_What is expected_. Would you transcribe the records below from the line with "Cambridge: Cambridge University" to the line with "Bleuforêt 91% white silk socks", ends included, exactly and with nothing more, leaving the pictures out?

_Extracted information_.
○ ○ ○ ○
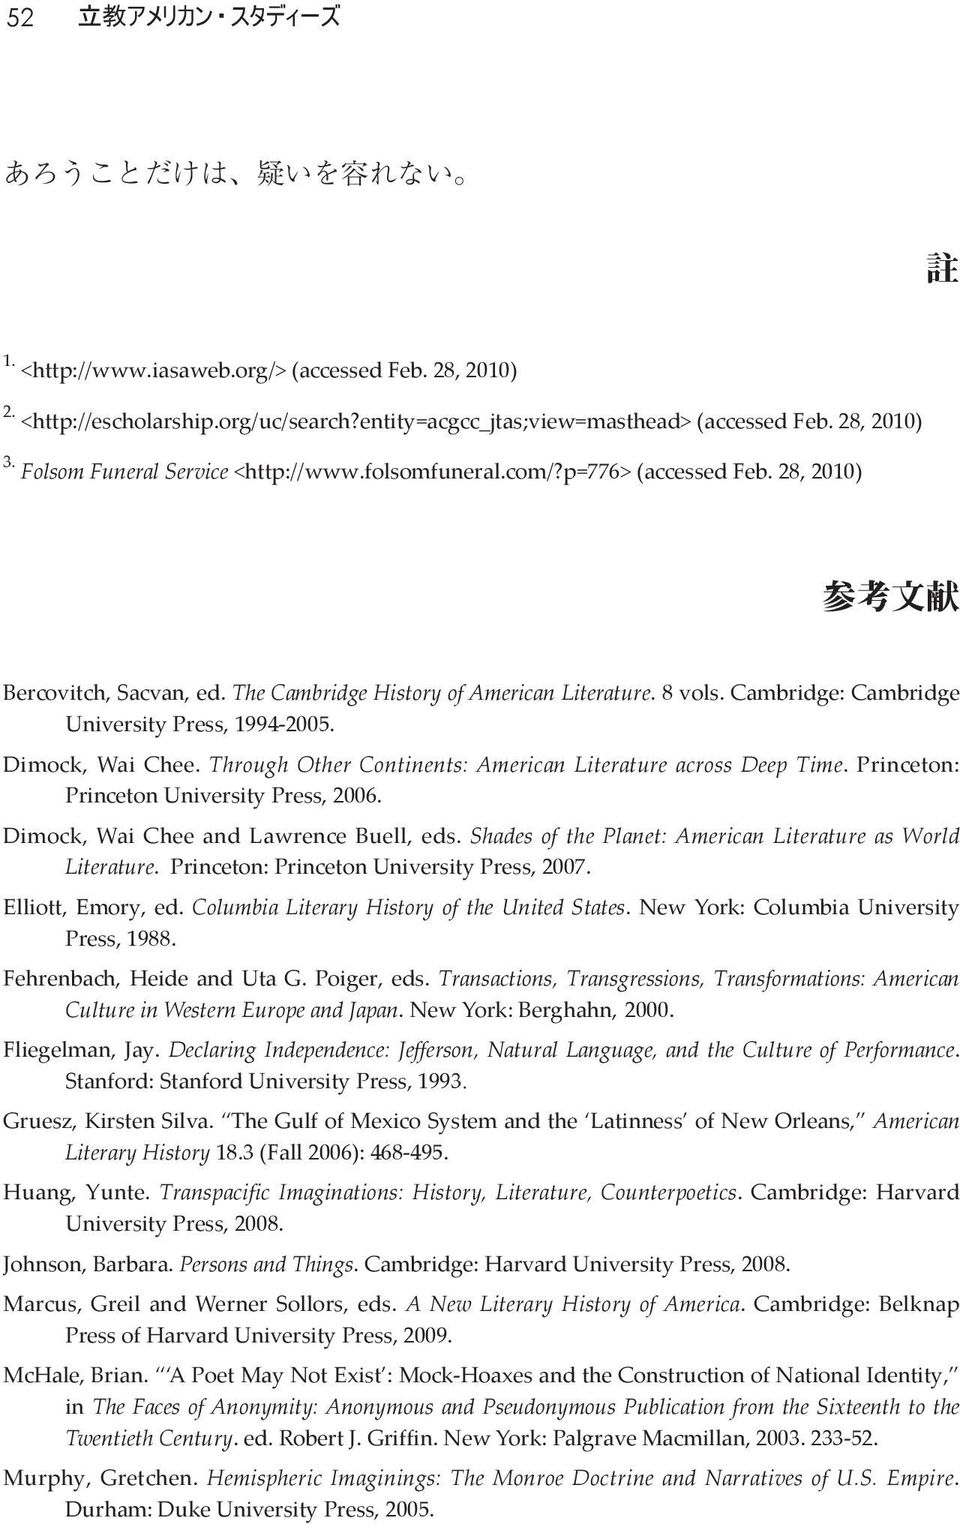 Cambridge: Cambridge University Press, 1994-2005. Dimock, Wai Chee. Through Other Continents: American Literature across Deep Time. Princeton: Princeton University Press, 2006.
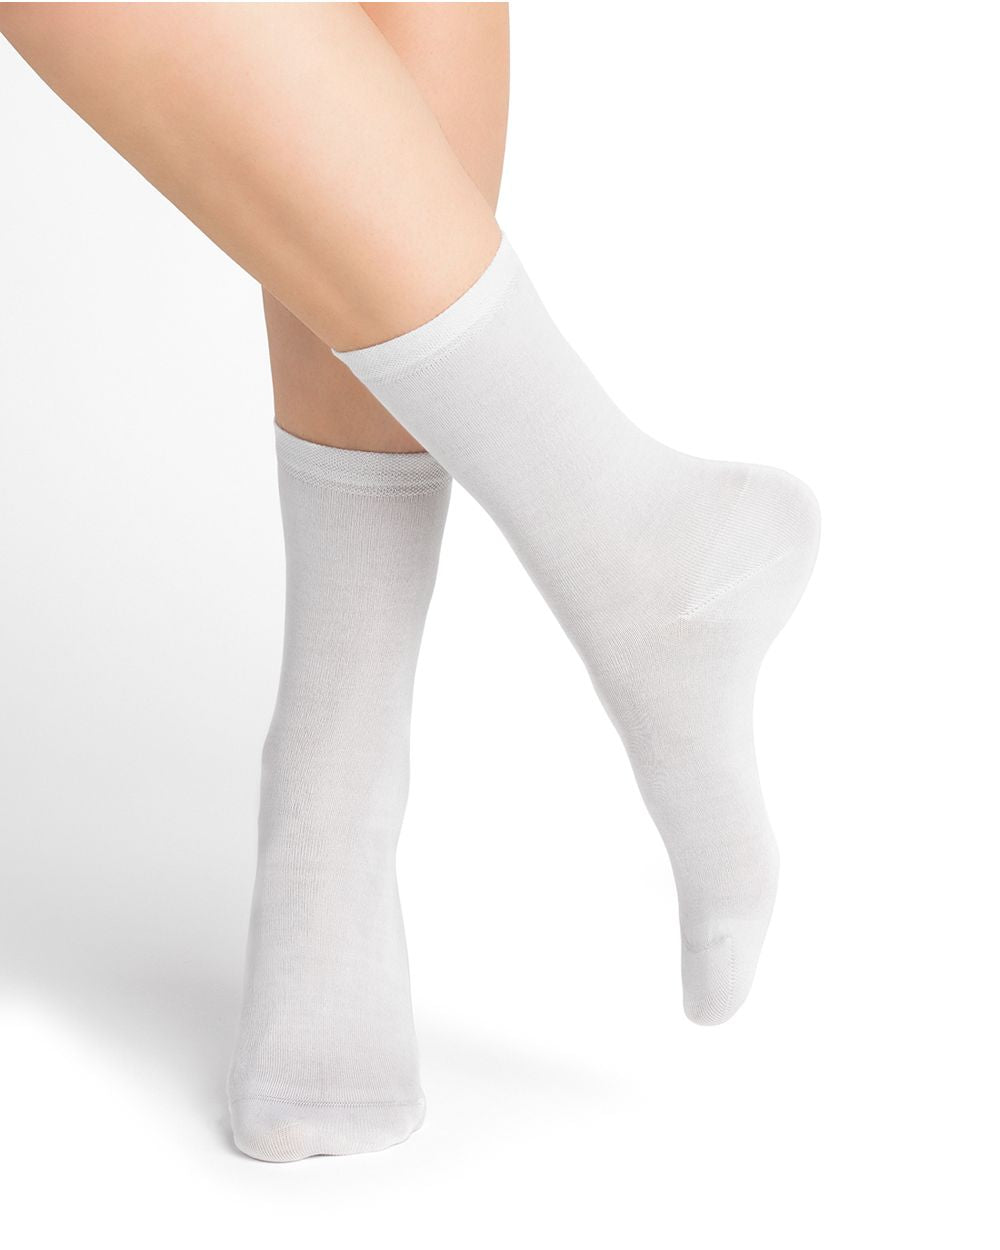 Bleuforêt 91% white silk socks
○ ○ ○ ○
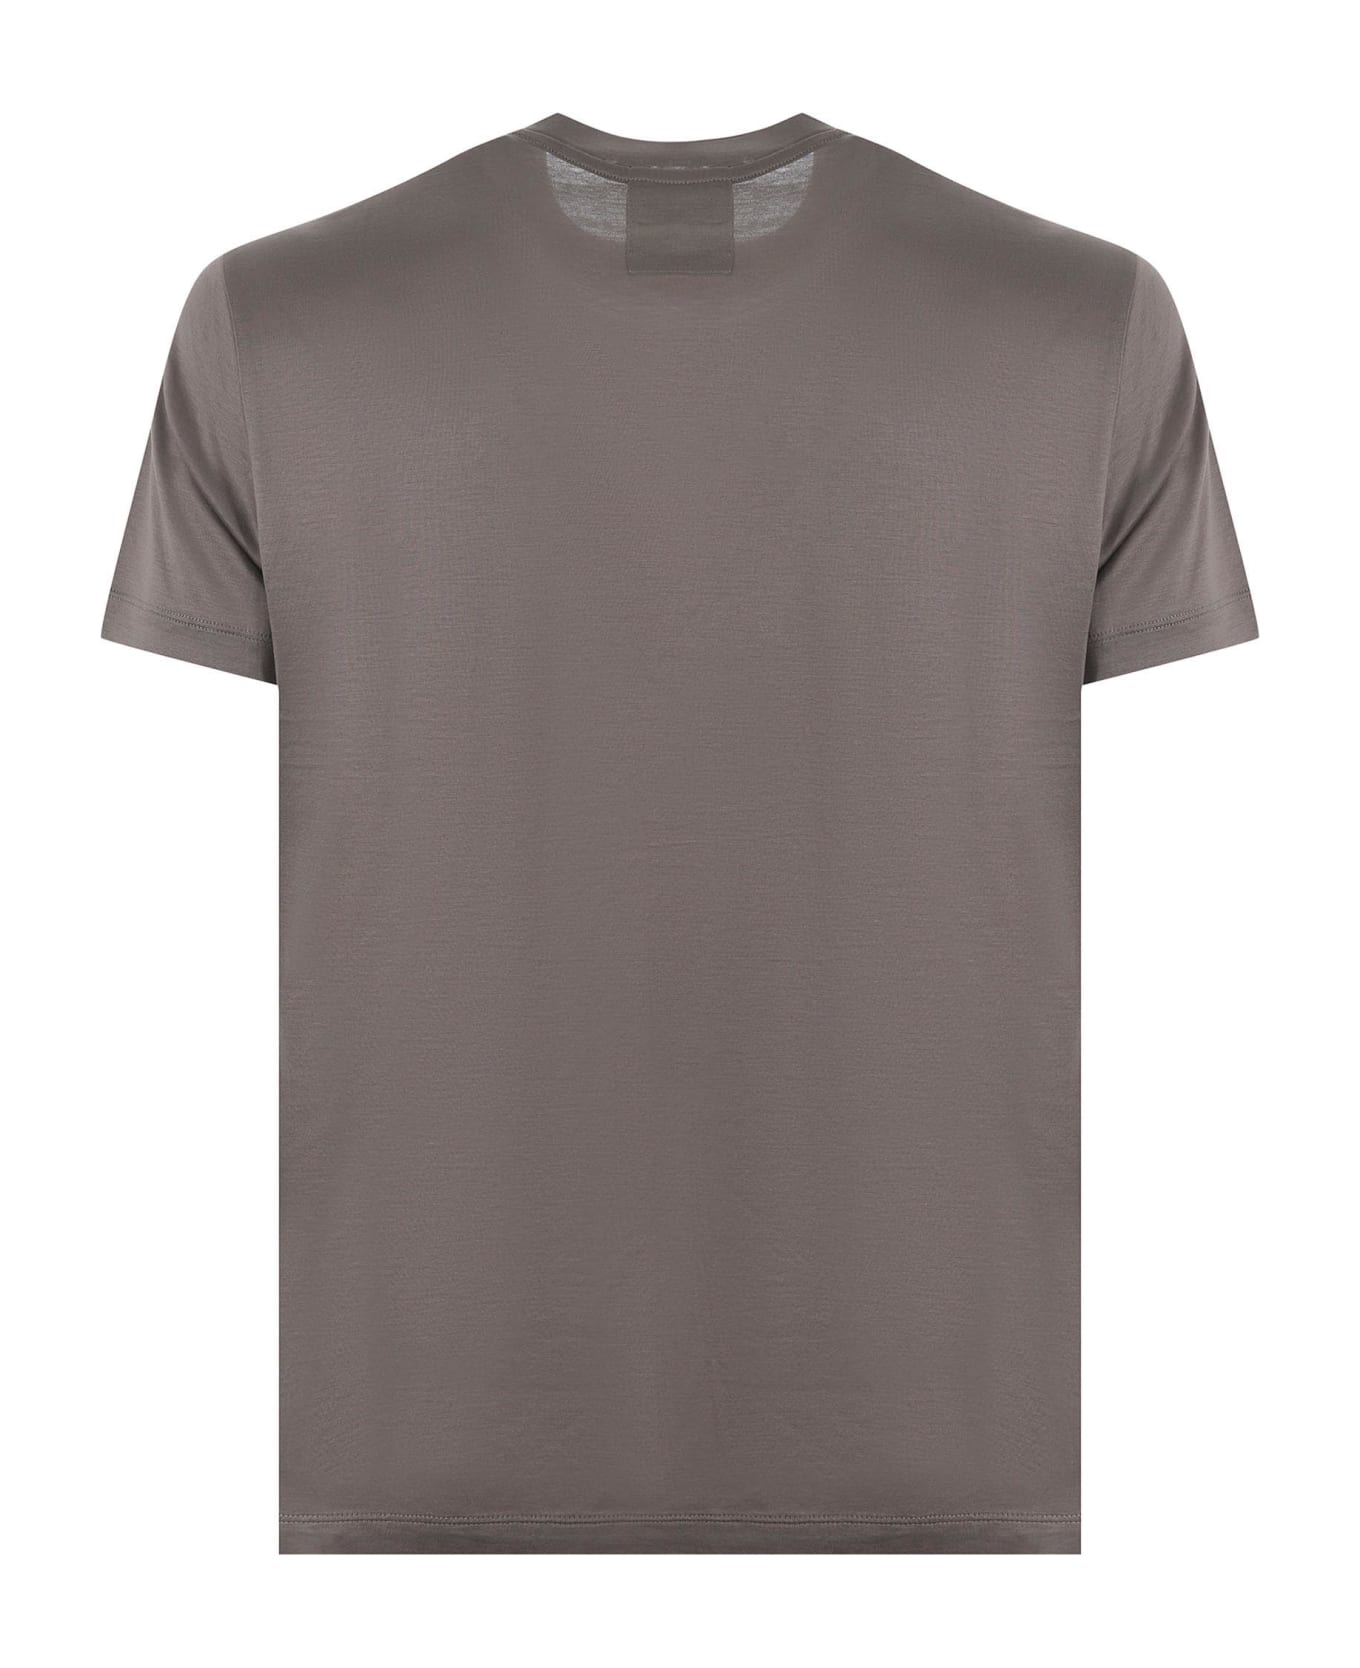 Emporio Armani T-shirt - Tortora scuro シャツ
○ ○ ○ ○
_Solution for this exercise_.
 Cambridge: Cambridge University Press, 1994-2005. Dimock, Wai Chee. Through Other Continents: American Literature across Deep Time. Princeton: Princeton University Press, 2006.
 Bleuforêt 91% white silk socks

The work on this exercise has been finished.